Невольно в страхе пячусь назад, упираясь спиной в стену. Мне действительно страшно, потому что мне есть, что хранить за семью замками. И Воскресенский ни за что не должен об этом узнать!
Что. Я. Творю? Какого черта?!
Я совершенно не хотел вести себя, как мудак, но стоило увидеть ее, как мой мозг переклинило.
Катя неуловимо, но изменилась. Нет, внешне она та же притягательная и желанная женщина, но глаза выдают ее с головой. Во-первых, теперь она полностью закрыта для меня, хотя четыре года назад я читал ее как раскрытую книгу. Сейчас же на лице ни единой эмоции. Она контролирует себя от и до, но только не глаза. В них коктейль из эмоций, рвущихся наружу: радость от встречи, страх, боль и злость. Я понимаю состояние Кати и принимаю отношение к себе. Но я сделаю все, чтобы получить шанс исправить то, что натворил.
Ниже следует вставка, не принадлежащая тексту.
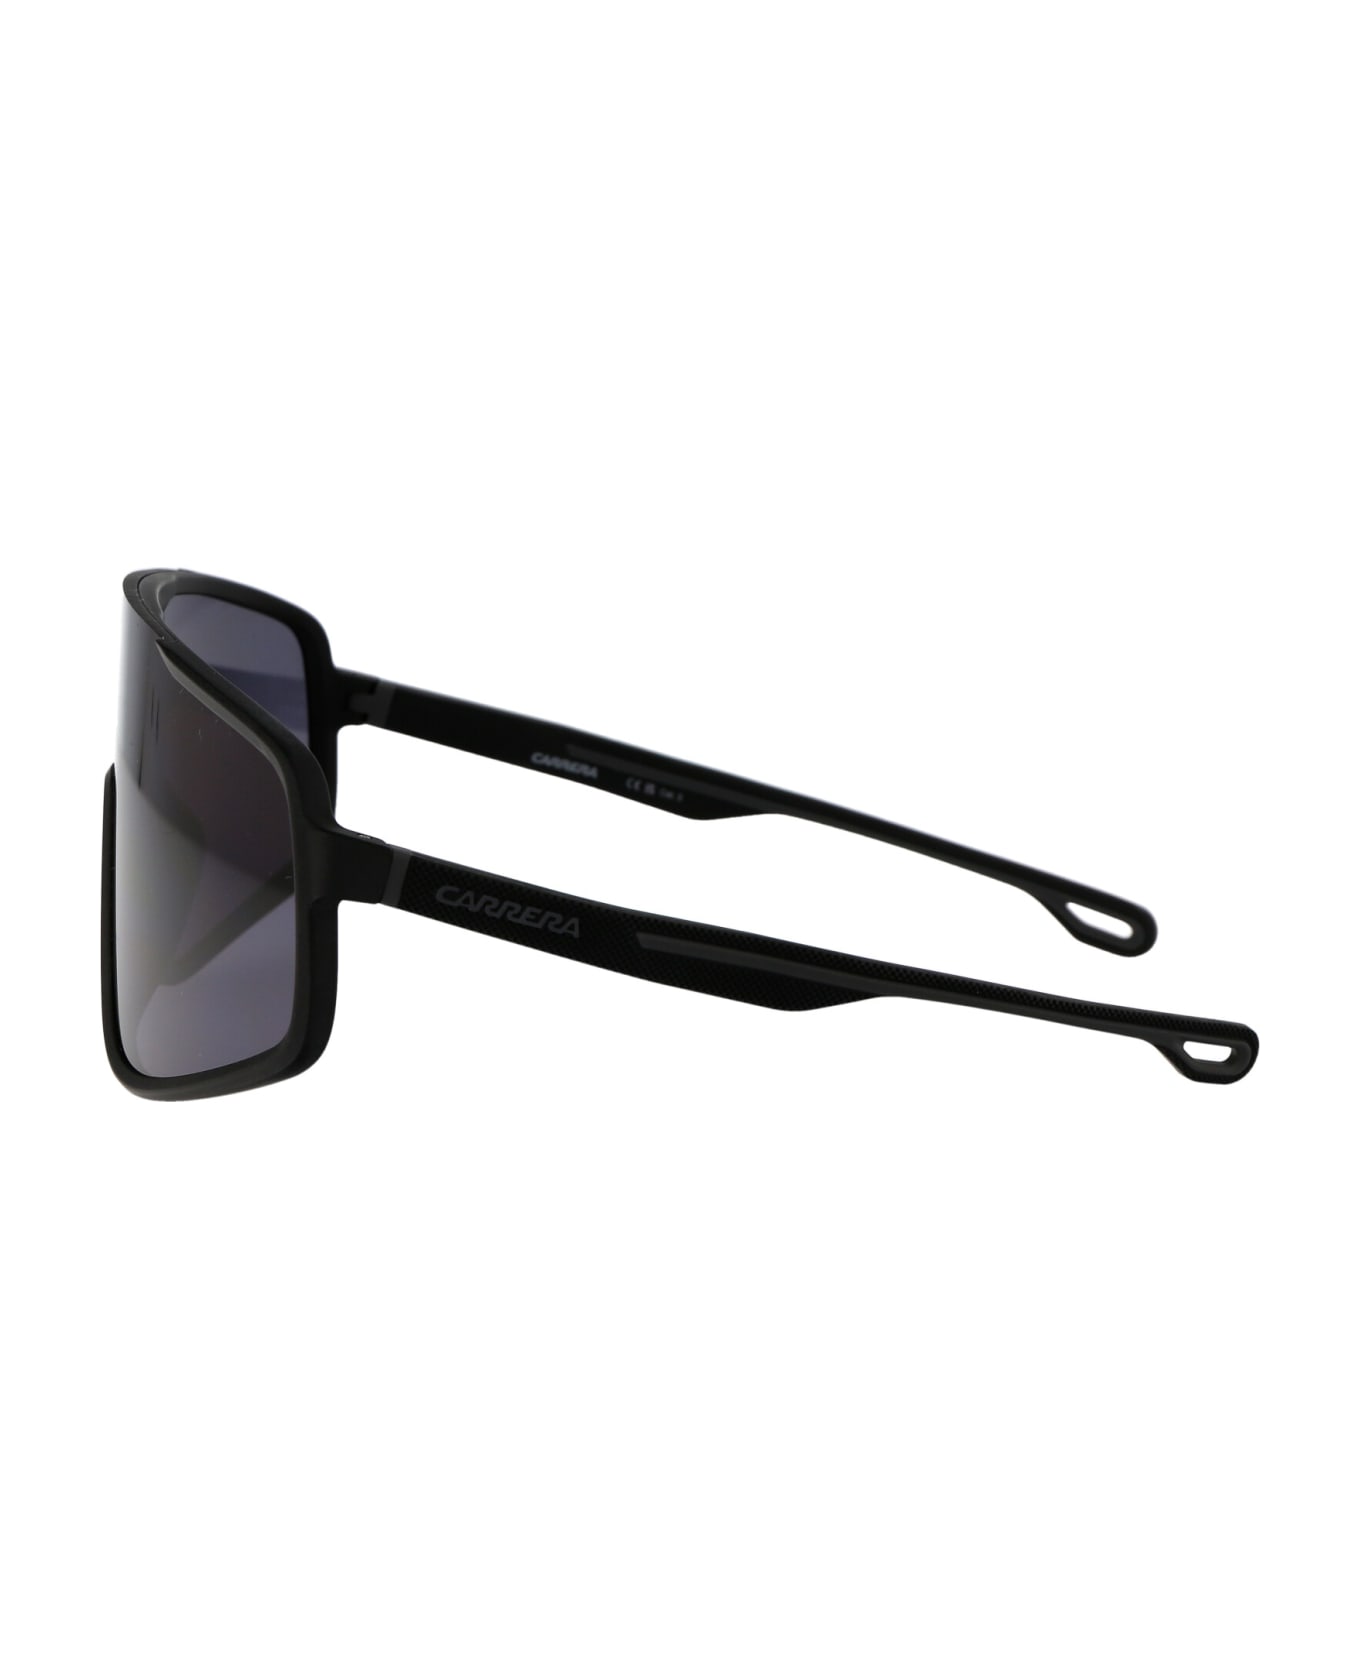 Carrera 4017/s Sunglasses - 003IR MTT BLACK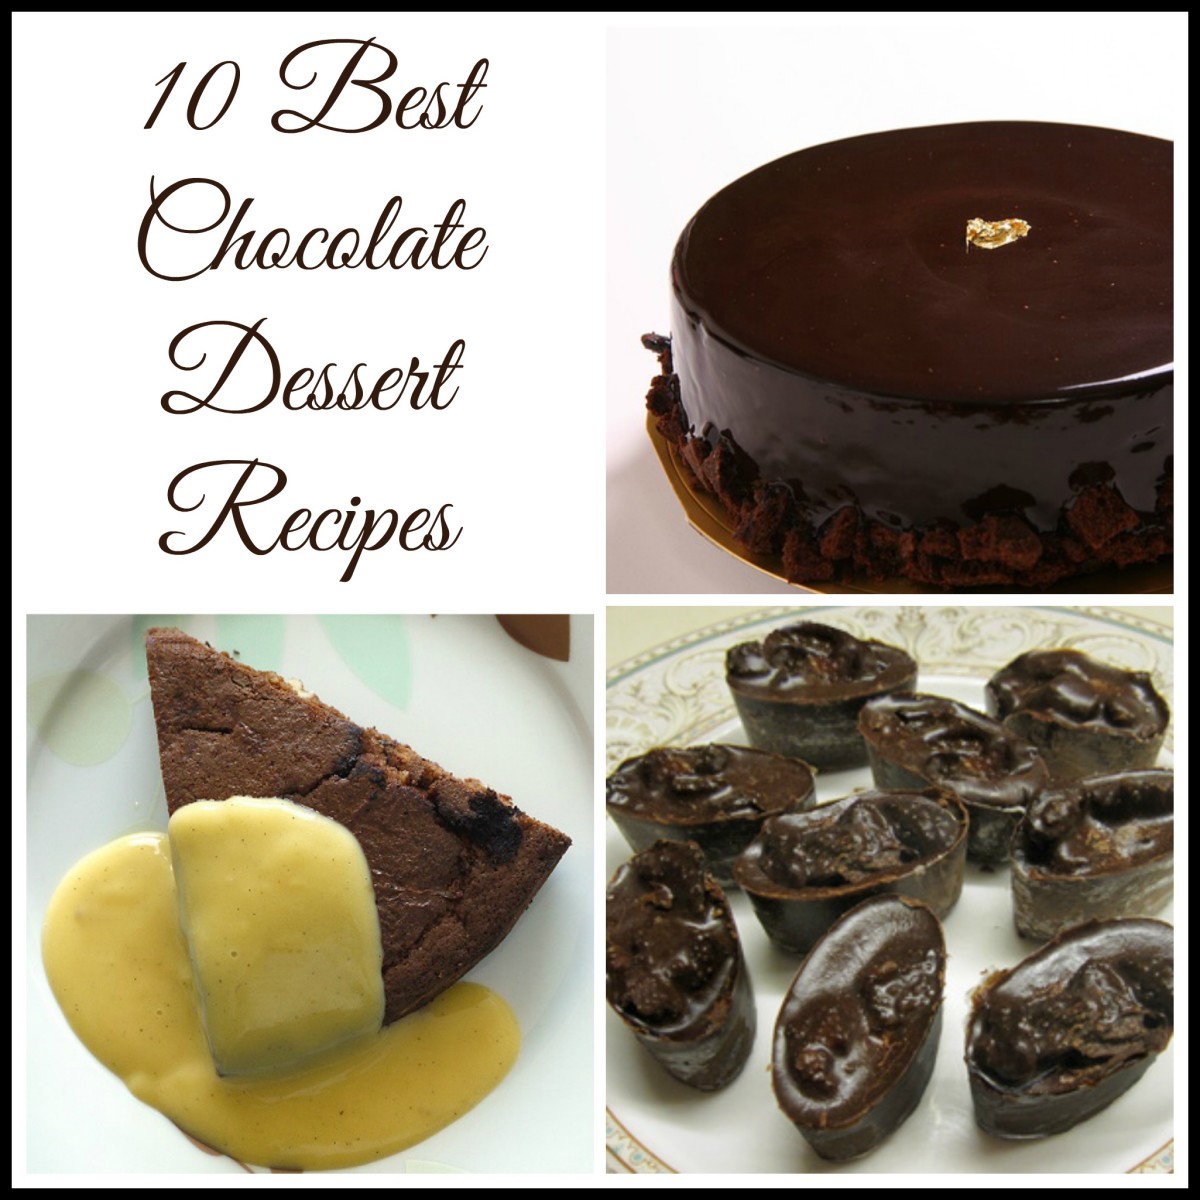 The 10 Best Chocolate Dessert Recipes | Margaret Schindel

Смотрю на МОЮ любимую женщину, и мир перестает существовать. Стираются границы реальности, нет кабинета, нет секретарши за стеной, что наверняка, как всегда, когда ко мне приходят женщины, подслушивает под дверью. Плевать. Сейчас главное, что женщина, которая поселилась в моих мыслях и снах на эти четыре года, стоит рядом. В моем кабинете.
Но недолгая эйфория сходит на нет, а очарование момента разбивается вдребезги, царапая стеклянными осколками, вспарывая меня на живую изнутри, стоило мне увидеть кольцо на ее правой руке. Кольцо с бриллиантом. Такие обычно мужчины дарят, когда делают предложение. Я знаю, о чем говорю, я сам такое дарил МОЕЙ Кате. А теперь у нее на руке кольцо другого мужчины.
И осознание того, что к ней прикасался другой, дарил ей удовольствие, слышал стоны и смотрел на нее в минуты оргазма, выпускает на волю моего внутреннего зверя, у которого одно желание – убивать. Голыми руками оторвать руки, что трогали мою женщину, и выколоть глаза, за то, что смотрели на Катю.
Эгоист? До мозга костей. Мое должно оставаться моим! А я с первой минуты, как увидел эту хрупкую девушку решил, что во что бы то ни стало Катя будет принадлежать мне. И я своего решения не изменю.
Да, я женат. Если то, что зафиксировано на бумаге можно назвать браком. В конце концов, пора это исправлять. Пора просто выйти из спячки, оглянуться и начать жить. Потому что то, что было в течение четырех лет, нельзя назвать жизнью. Это выживание. И единственная радость в нем – Лиза.
Одновременно движимый злостью и желанием удостовериться, что Катя реальна, надвигаюсь на нее, следя за реакцией. Она медленно отступает к стене, а глазах через край плещется страх. Но почему?! Я ведь ничего не сделал, чтобы она меня боялась! Это я кругом виноват в том, что мы потеряли четыре года! И я должен бояться, что она уйдет, хлопнув дверью. Но моя Катя все еще здесь, и я делаю вывод, что она все еще что-то чувствует ко мне, несмотря на то, что принадлежит другому. Это временно.
Подхожу вплотную к своей женщине, настолько, что чувствую жар ее тела даже через несколько слоев одежды. Катя тяжело дышит и отводит взгляд в сторону. Мягко беру ее за подбородок и заставляю поднять лицо, чтобы смотрела мне в глаза.
– Ты же тоже чувствуешь, Катя? – хрипло шепчу, тяжело дыша. Черт! У меня было достаточно женщин, но ни одной из них не удавалось вывести меня на такие эмоции и возбуждать только одним видом.